MATERIAL SHOWN>
--- START ---

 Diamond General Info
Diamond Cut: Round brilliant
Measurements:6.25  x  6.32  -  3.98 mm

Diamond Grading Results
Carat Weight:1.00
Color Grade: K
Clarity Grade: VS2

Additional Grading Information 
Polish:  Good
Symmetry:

--- END ---
--- START ---

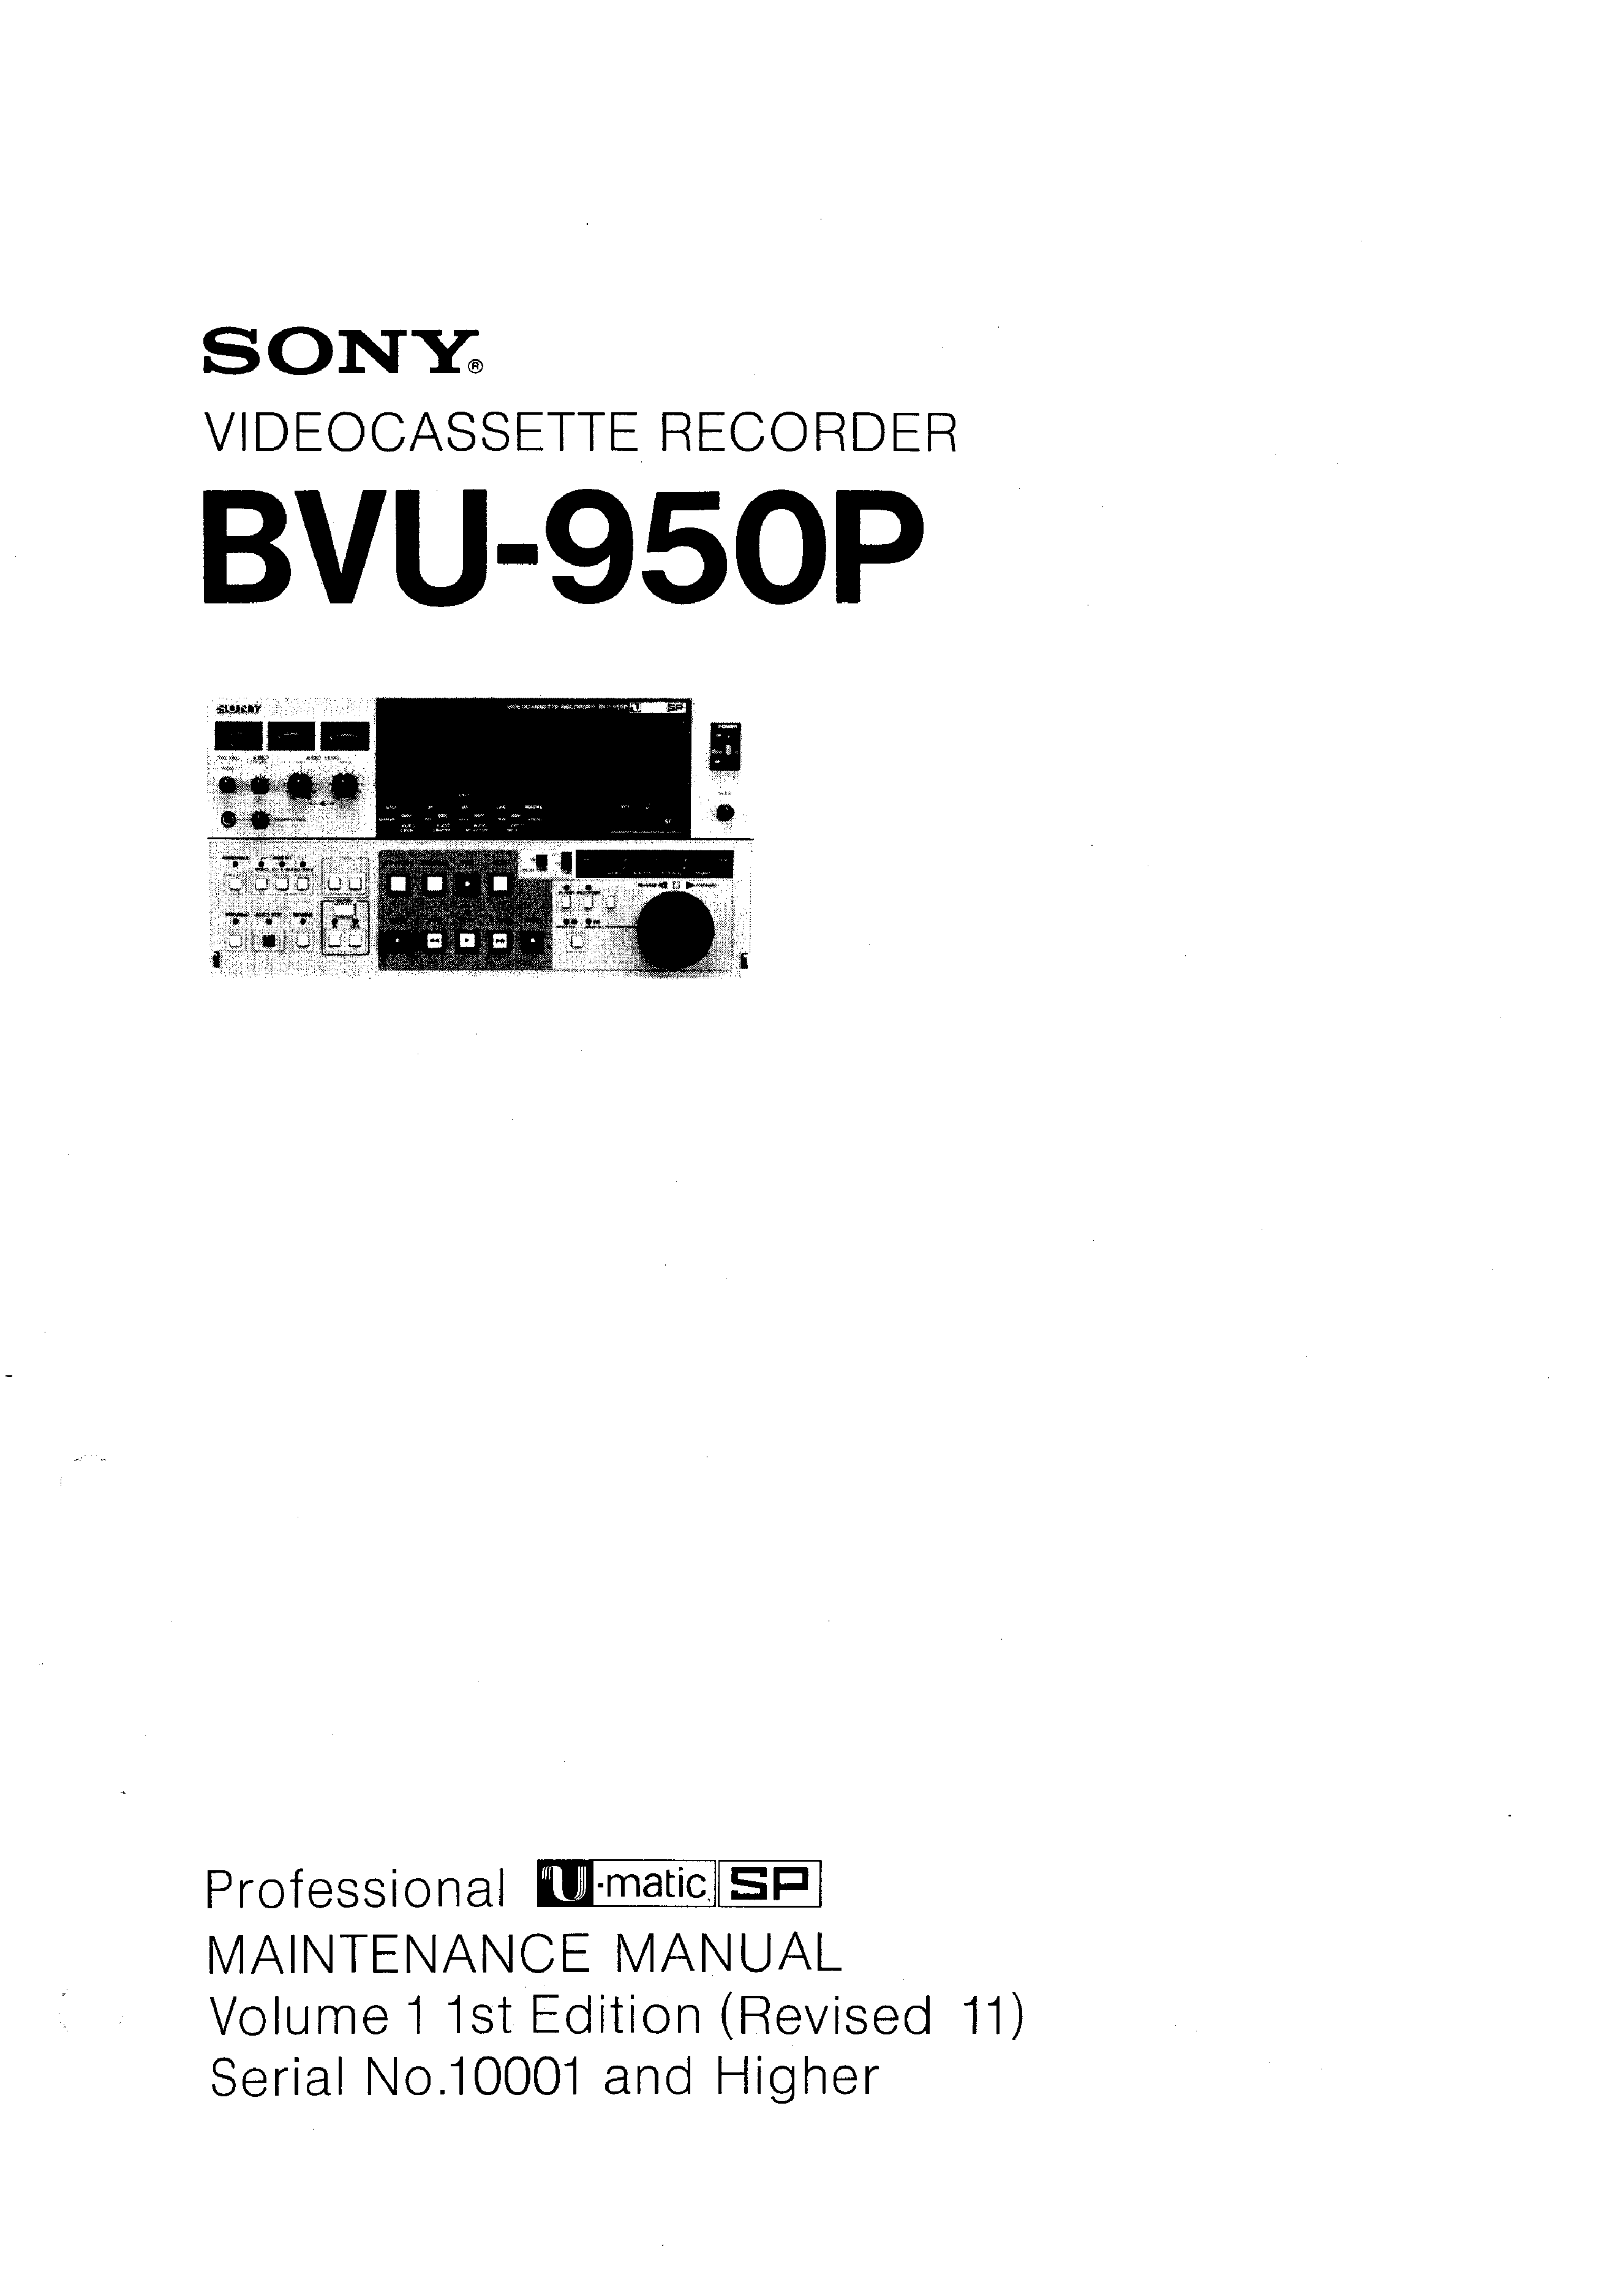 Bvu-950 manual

--- END ---

DESCRIPTION OF THE TASK>
The response consists of the lines above that contain "Diamond".

OUTPUT OF THE TASK>
 Diamond General Info
Diamond Cut: Round brilliant
Diamond Grading Results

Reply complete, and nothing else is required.